▶ [What to produce] Your answer should consist only of the lines below from the one with "Spare Parts Fan" through the one with "Cumhurbaşkanı Erdoğan, cuma", copied exactly.

▶ [Input data]
::::
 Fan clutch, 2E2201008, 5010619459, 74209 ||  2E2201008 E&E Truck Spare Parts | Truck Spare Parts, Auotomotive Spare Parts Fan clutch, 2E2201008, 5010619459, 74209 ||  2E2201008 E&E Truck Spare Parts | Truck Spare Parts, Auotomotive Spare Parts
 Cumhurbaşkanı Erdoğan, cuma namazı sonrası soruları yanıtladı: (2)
::::
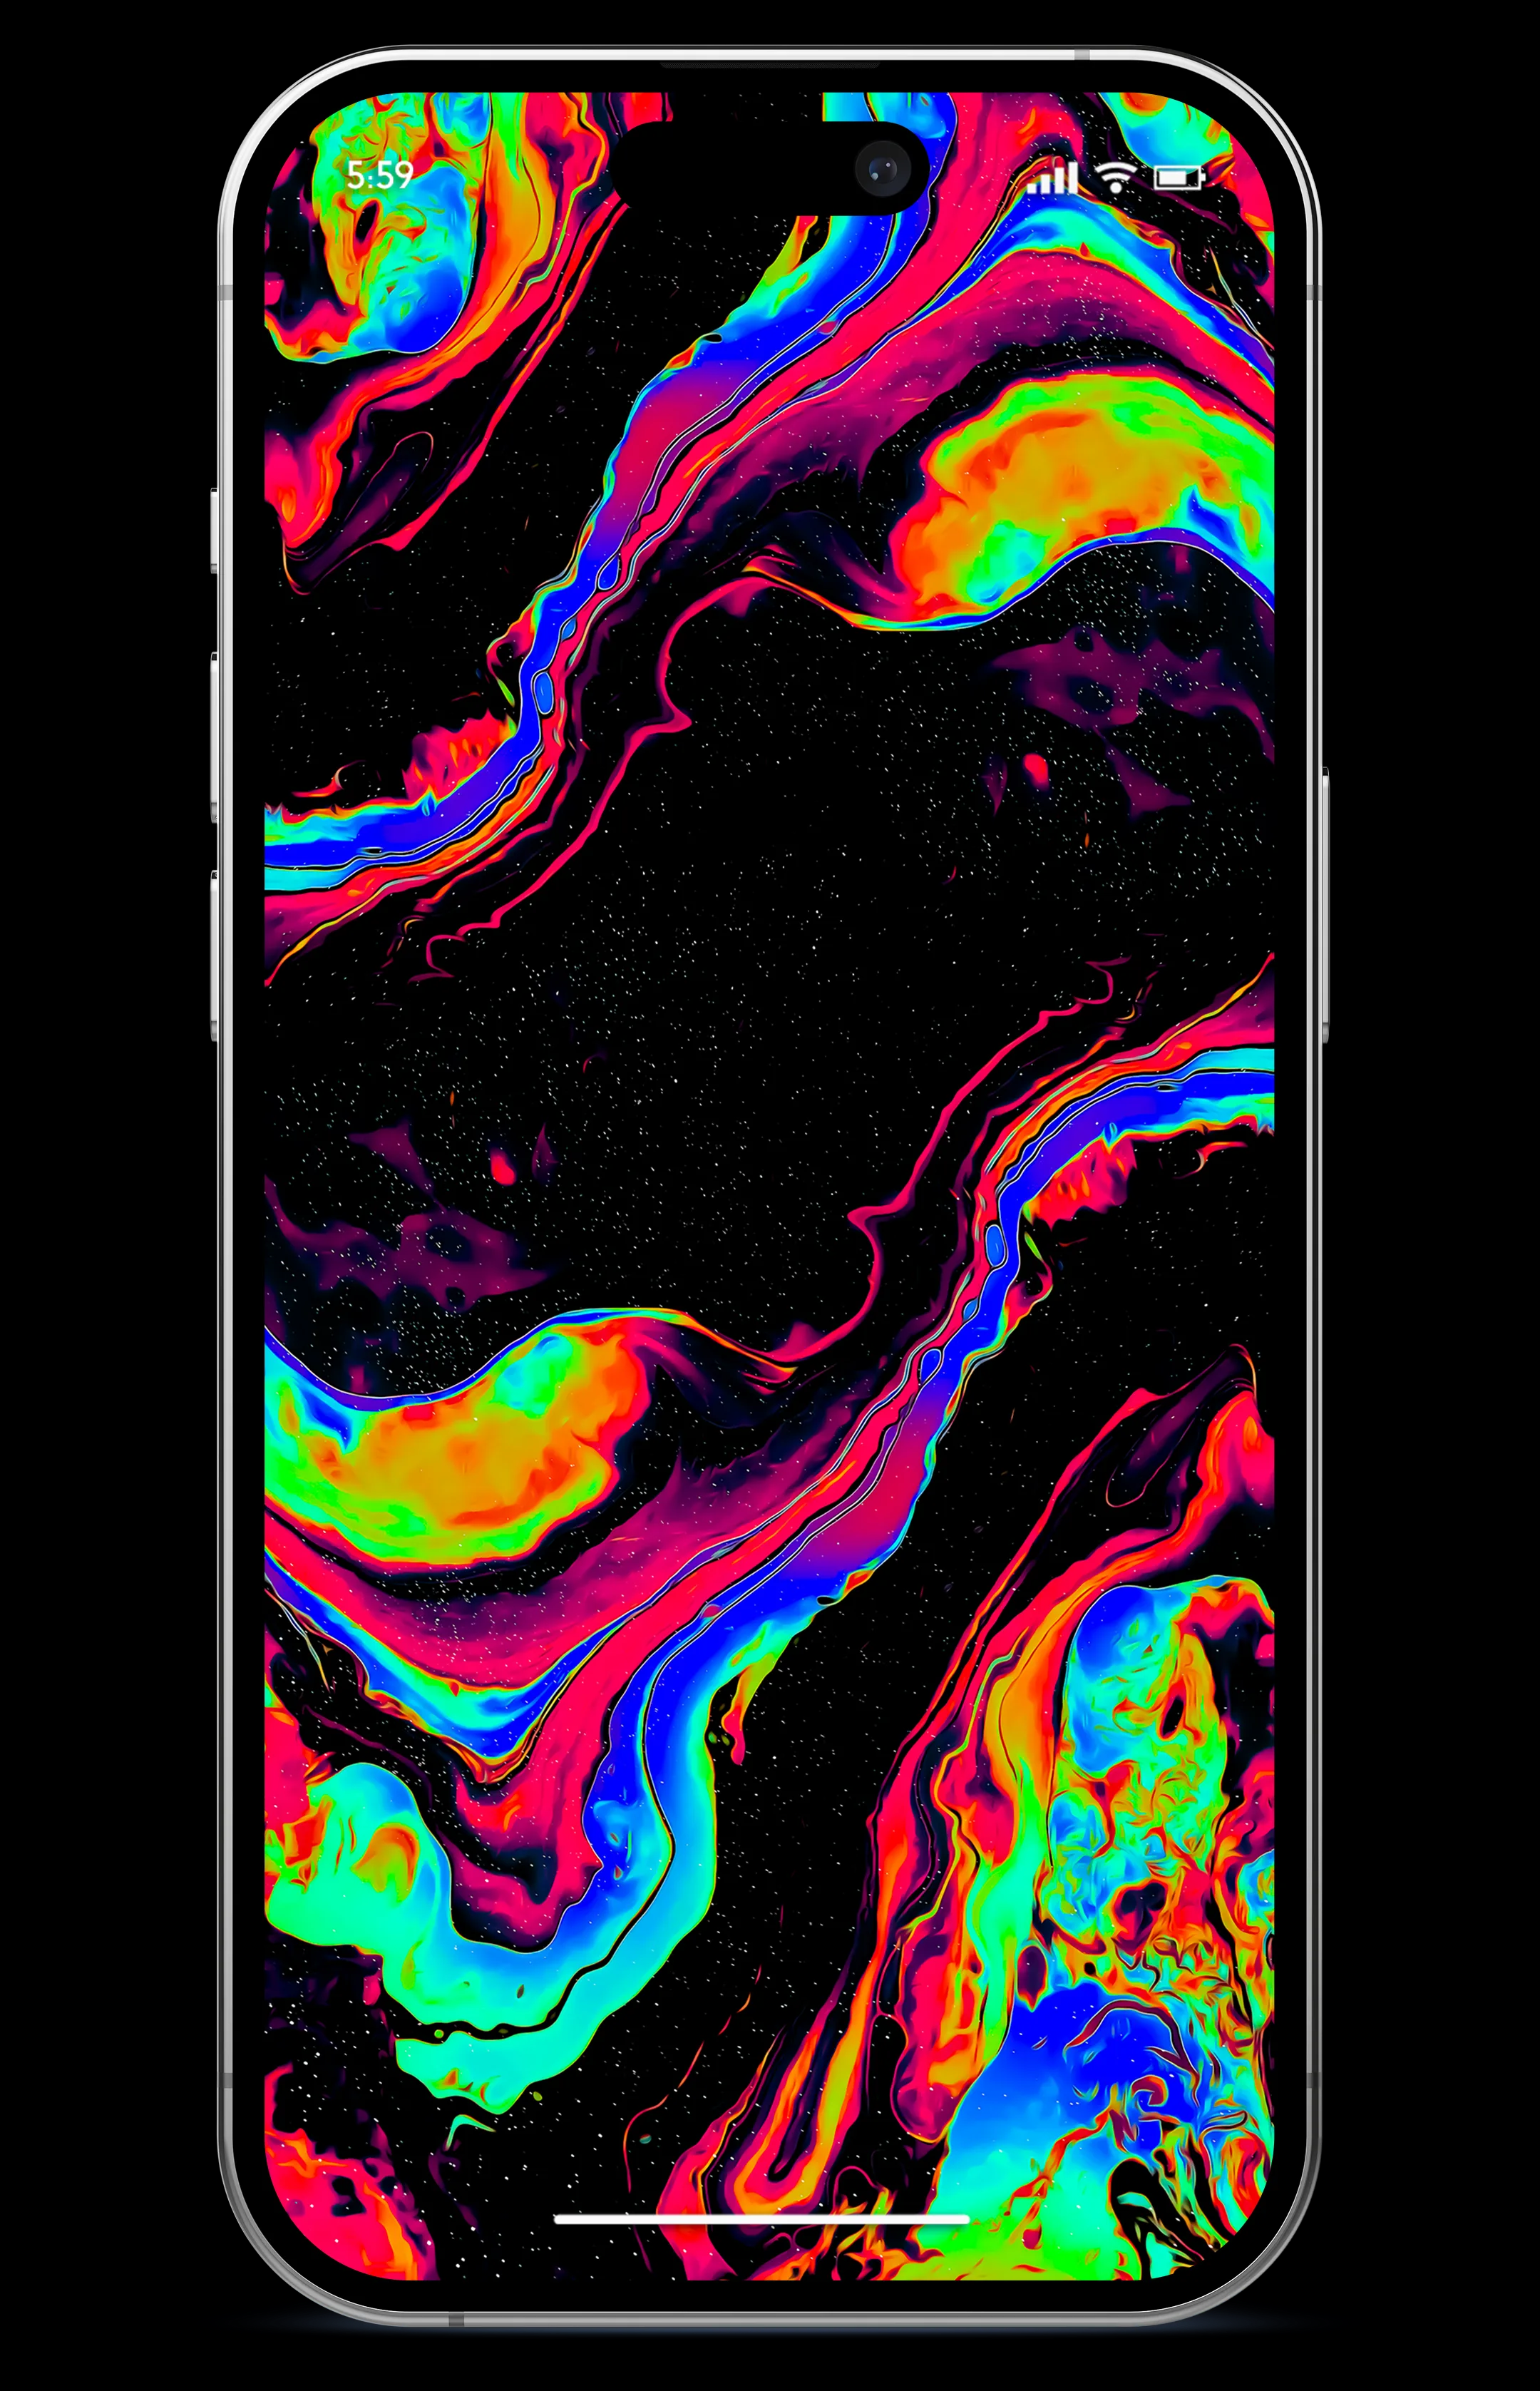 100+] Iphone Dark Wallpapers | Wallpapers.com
::::
▶ [Output for this task]
 Fan clutch, 2E2201008, 5010619459, 74209 ||  2E2201008 E&E Truck Spare Parts | Truck Spare Parts, Auotomotive Spare Parts Fan clutch, 2E2201008, 5010619459, 74209 ||  2E2201008 E&E Truck Spare Parts | Truck Spare Parts, Auotomotive Spare Parts
 Cumhurbaşkanı Erdoğan, cuma namazı sonrası soruları yanıtladı: (2)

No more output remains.